After locating the line that bears "Modern garage interior", restate word for word that line and the rest of the listing to its final line, excluding all pictures.

→ DATA BLOCK:
BEGIN

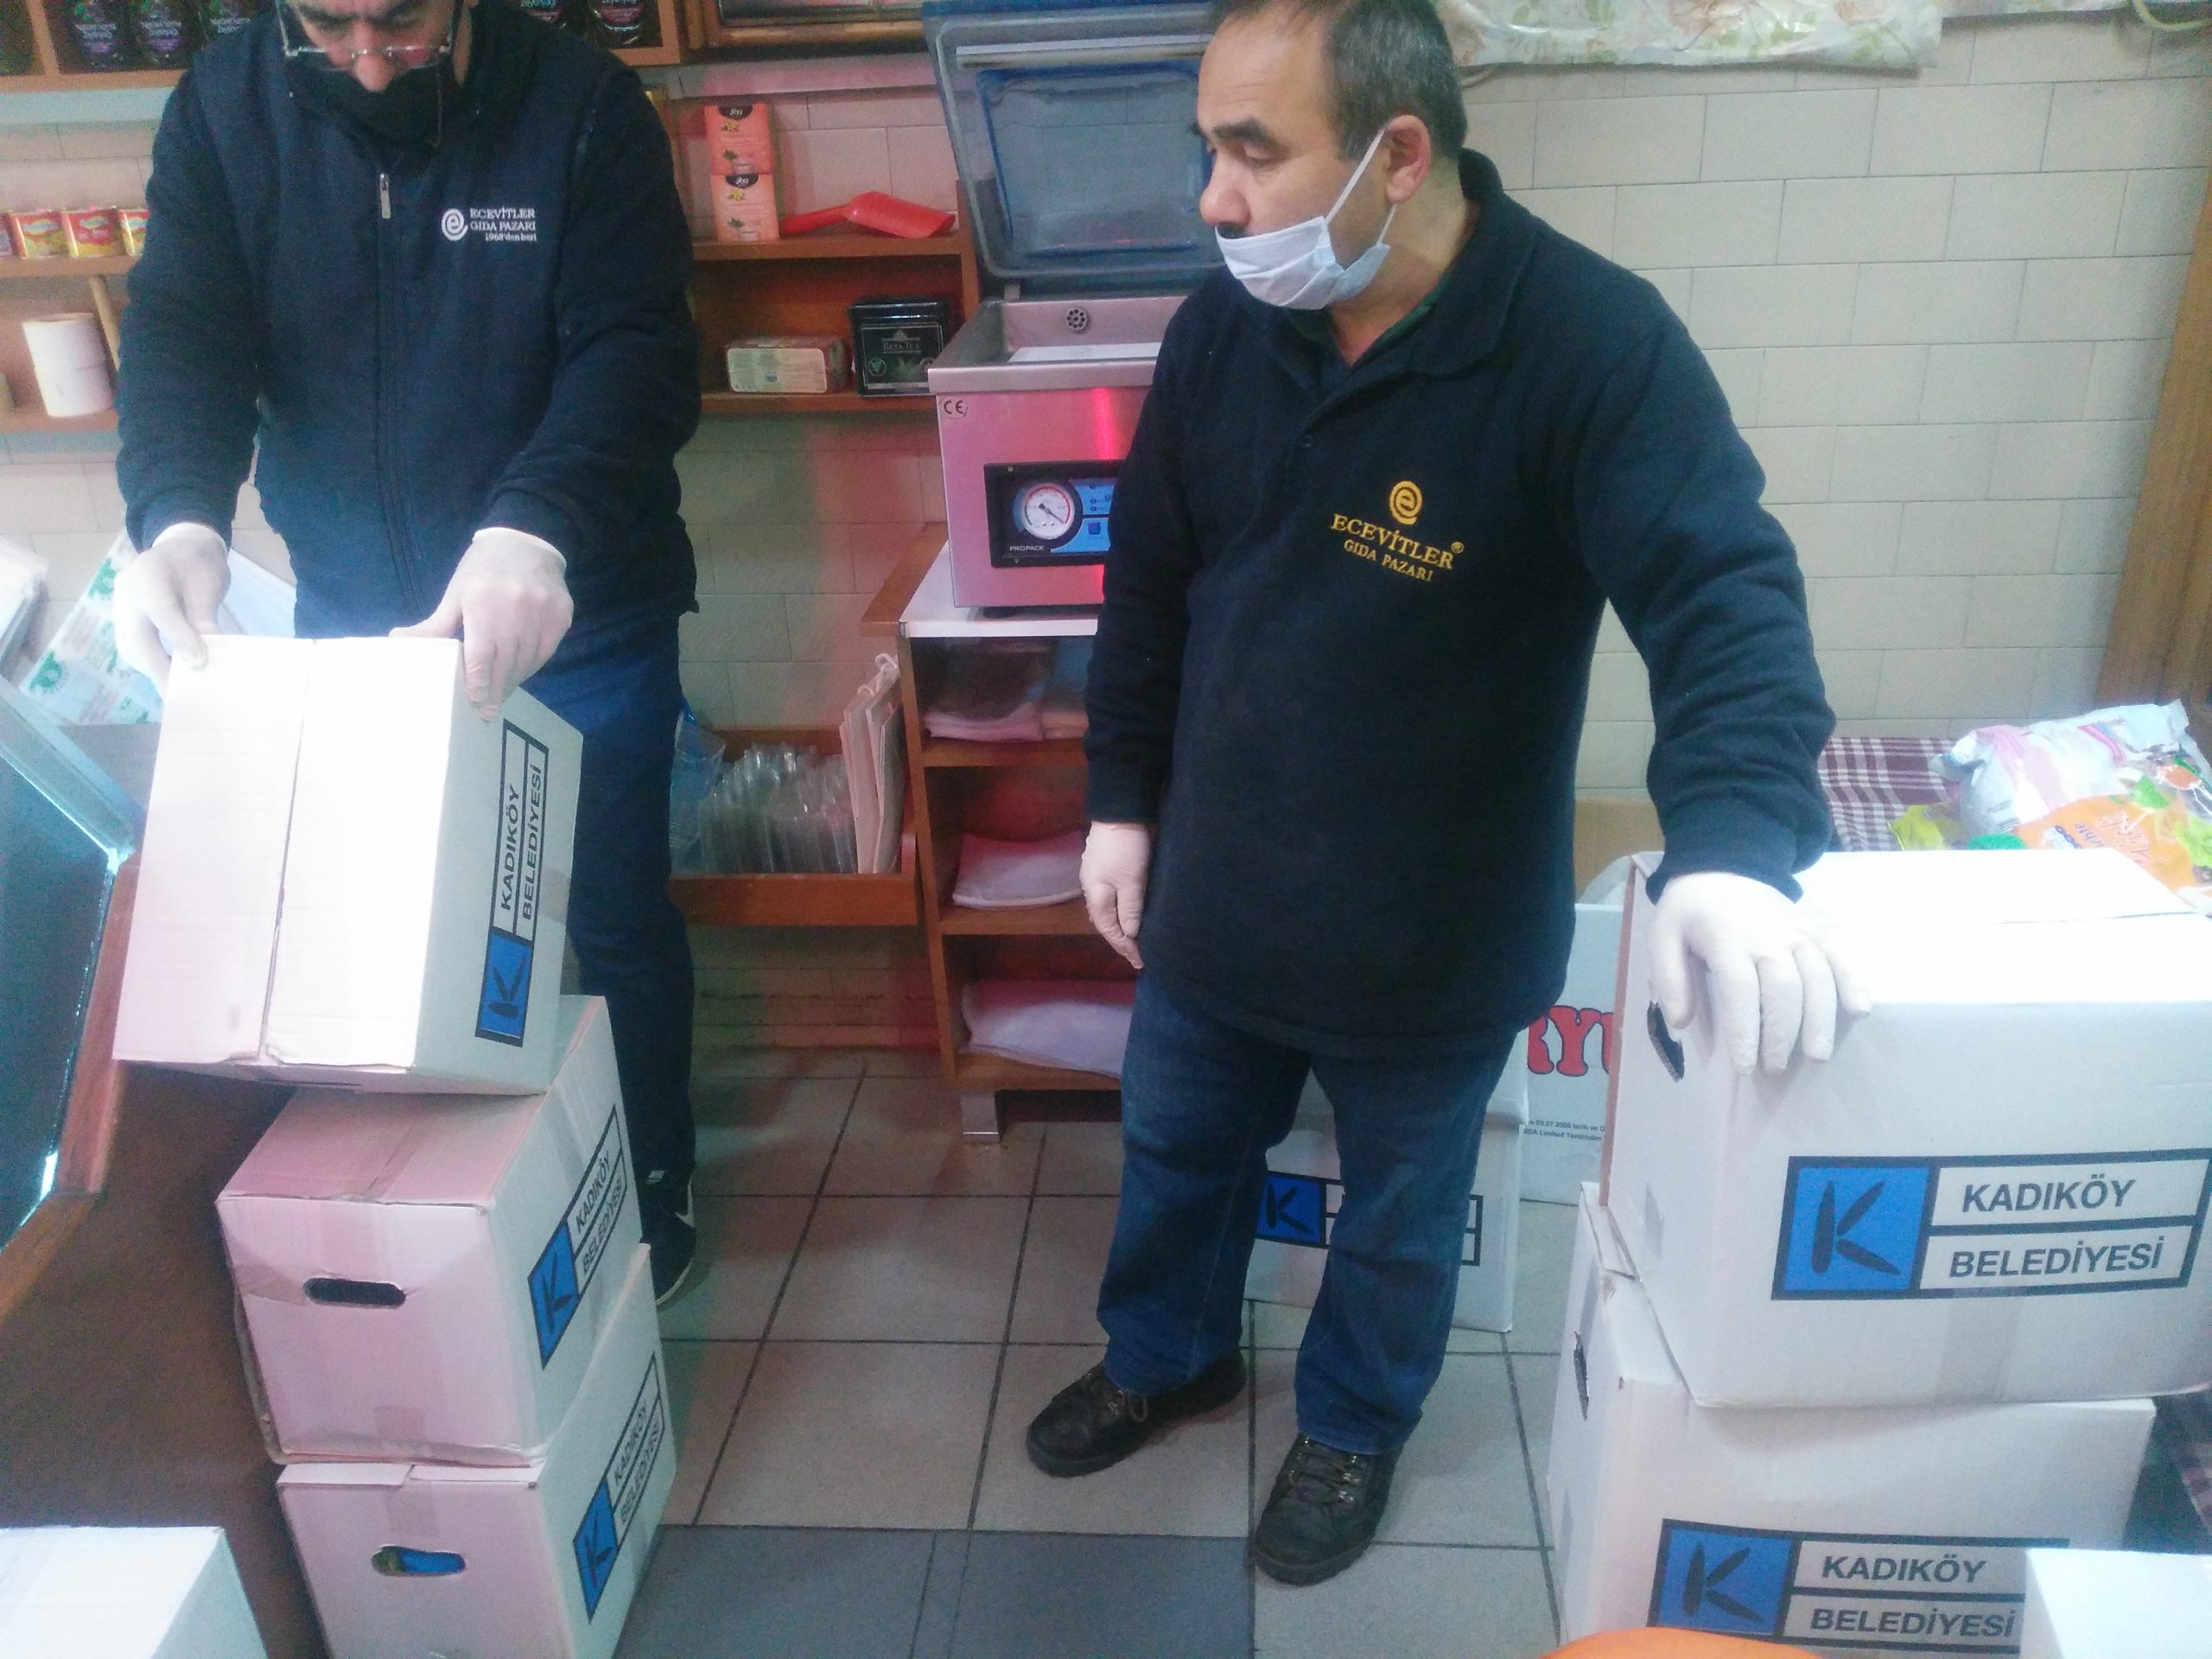 Kadıköy Belediyesi’nden, Kadıköy Tarihi Çarşı çalışanlarına erzak yardımı yapıldı
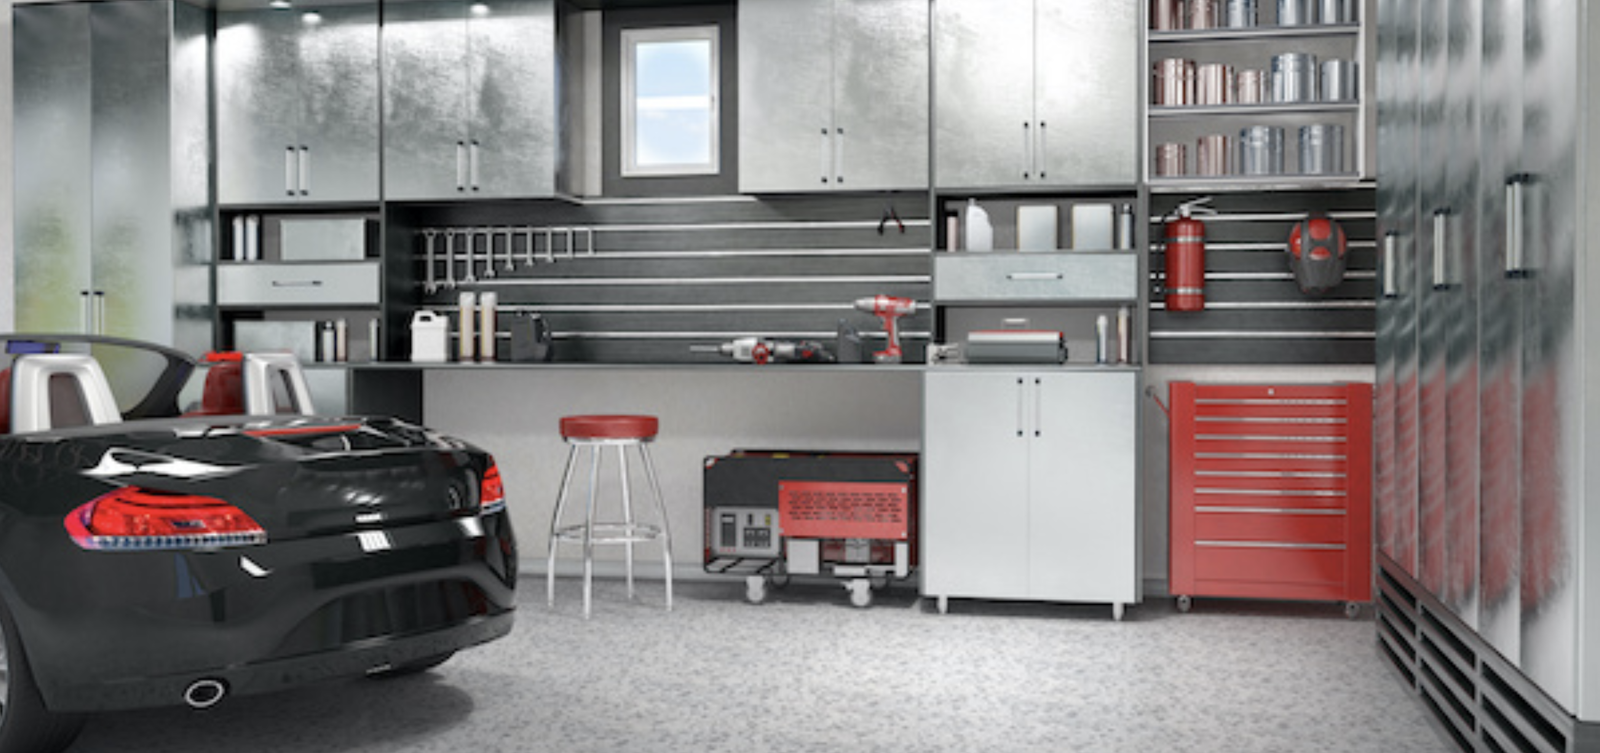 Modern garage interior with sleek storage, metal cabinets
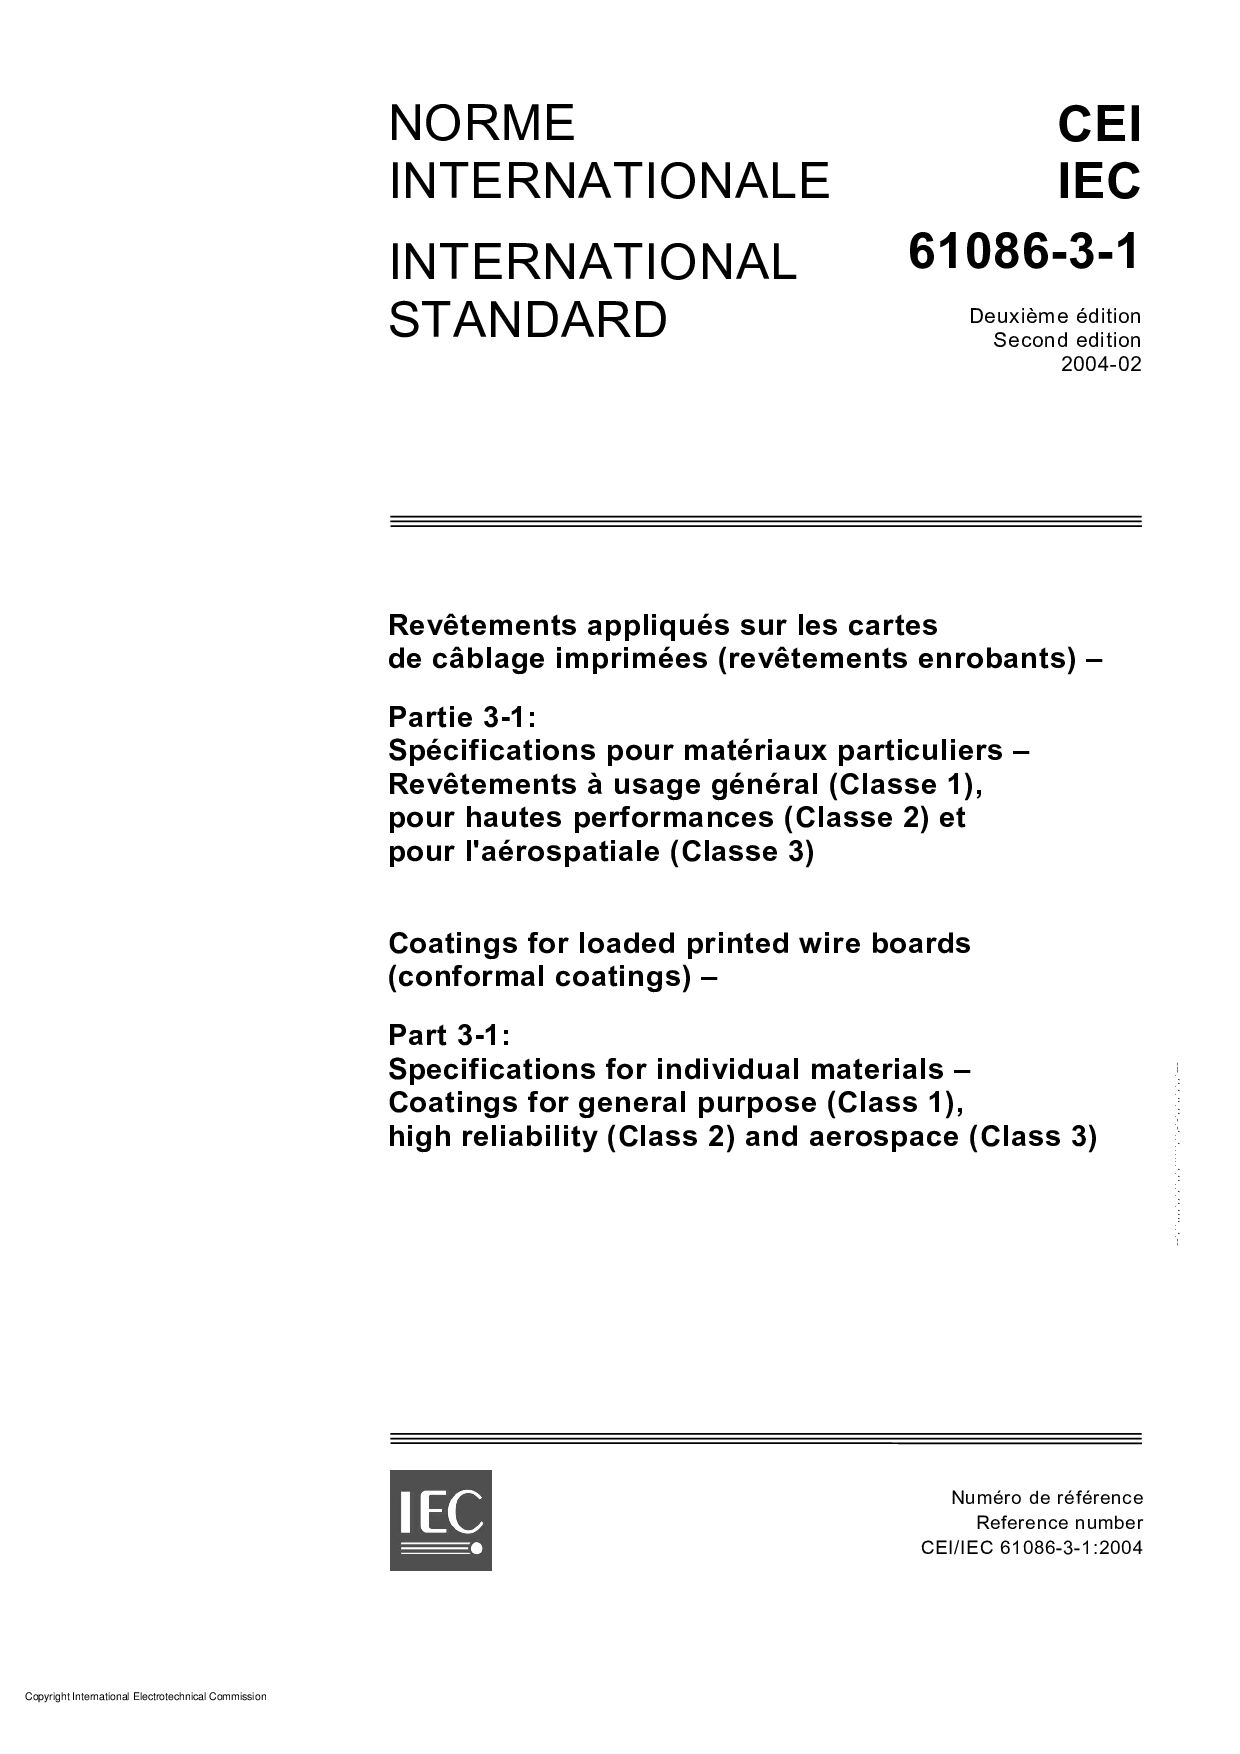 IEC 61086-3-1:2004

END

→ ANSWER TO THIS EXERCISE:
 Modern garage interior with sleek storage, metal cabinets
 IEC 61086-3-1:2004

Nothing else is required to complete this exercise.